Previous to his current positions, Dr. Walker was the President and CEO of the USA Pavilion at the 2017 World EXPO in Astana, Kazakhstan, and Senior Vice President at APCO Worldwide. He alsoserved in the State Department as a Senior Advisor to the Secretary of State and for the Joint Chiefs at the Department of Defense focused on public-private partnerships and strategy more broadly.

Mr. Eugene Yi
Co-Founder and President, Cortico
Eugene Yi​ is Co-founder and President of Cortico, a non-profit in cooperation with the MIT  Media Lab, aiming to foster constructive public conversation in communities and in the media  to improve our understanding of one another. He is a Visiting Researcher at the Laboratory for  Social Machines at the MIT Media Lab.  

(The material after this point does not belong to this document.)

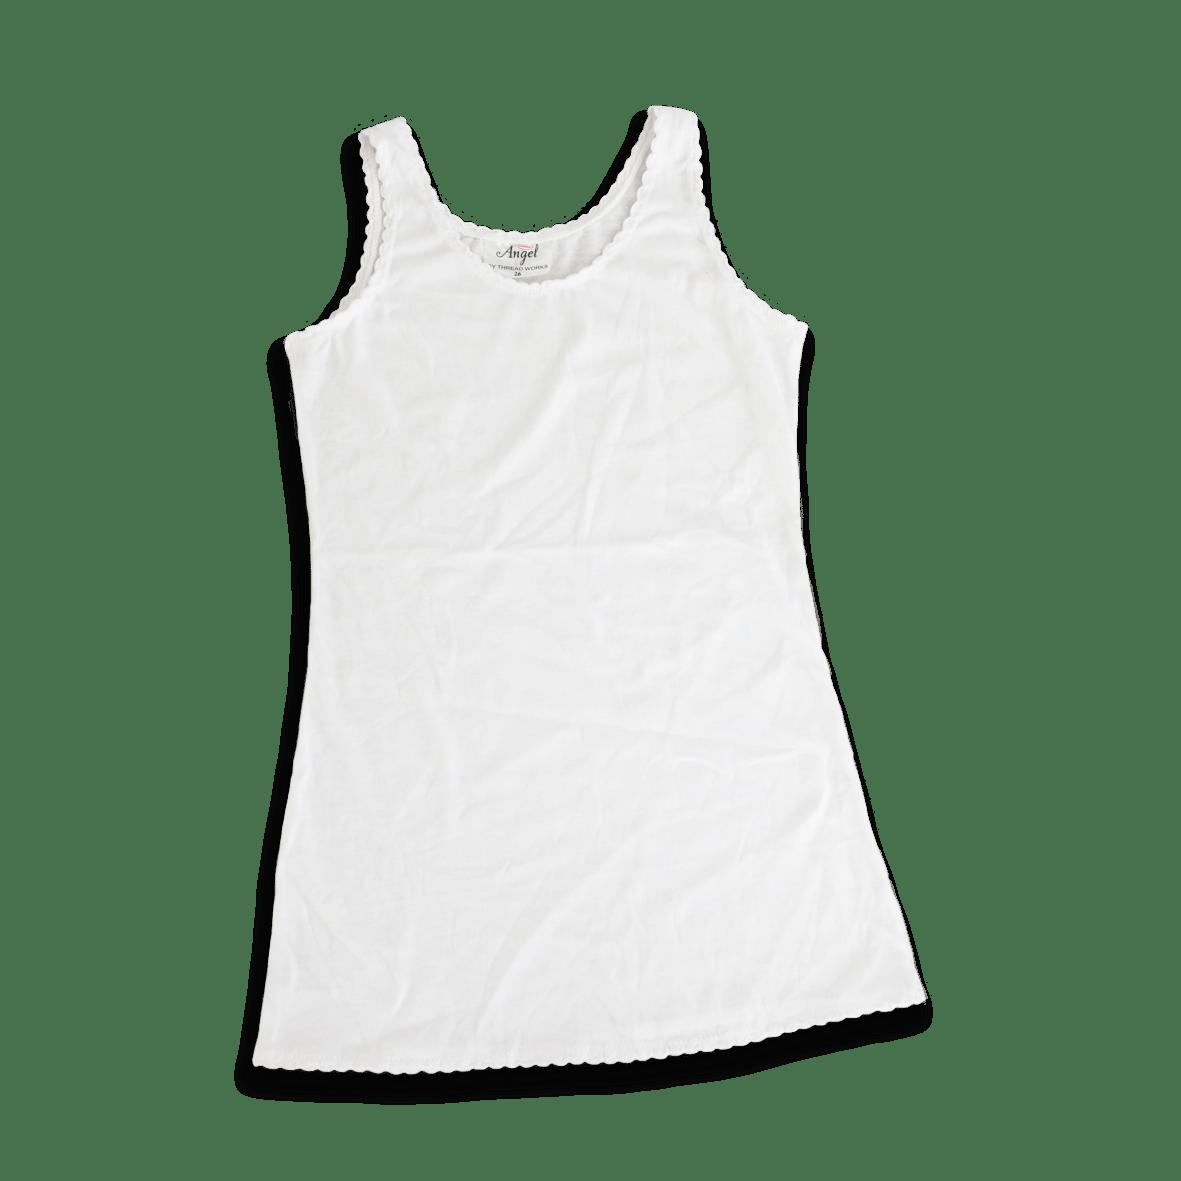 Velona Angel Ladies Cotton Petticoat

Previously, Eugene led product for the Electome project in the Laboratory for Social Machines  at the MIT Media Lab, using machine learning analytics to track the horserace of ideas in the  2016 U.S. presidential elections for media organizations and the Commission on Presidential  Debates. From from 2013 to 2016, he was the Head of Asia Public Policy for Twitter and  helped build Twitter’s market presence in Asia and developed the company's hyperlocal and  global corporate social responsibility mission. He worked for Tencent on the WeChat  international business team in 2012. He served in the U.S. Department of State at Embassy  Beijing as a Political Officer covering Internet freedom, Islam in China, and the Six-Party Talks  from 2009 to 2011. He was a Strategist for East Asia national security issues for the Office of  the Secretary of Defense in the U.S. Department of Defense and formerly served as a Country  Director for China and Korea at the Office of the Secretary of Defense, Policy from 2008 to  2009. Eugene is a 2019 Presidential Leadership Scholar, Asia 21 Young Leader at the Asia  Society, Google Next Gen Policy Fellow, and a Fellow at the International House of Japan.  

He is fluent in English, Korean, and Mandarin Chinese, and has basic proficiency in Japanese.  Eugene graduated with honors from Princeton University with a Bachelor’s and a Master in  Public Affairs degree in the Woodrow Wilson School of International and Public Affairs as a  Robertson Scholar. He lives in New York City and volunteers as a science mentor for girls who  want to be coders and makers. 


The I-House network

American members of the I-House comprise a dynamic group of scholars, practitioners, and business leaders engaged in building deeper bonds between American and Japanese society.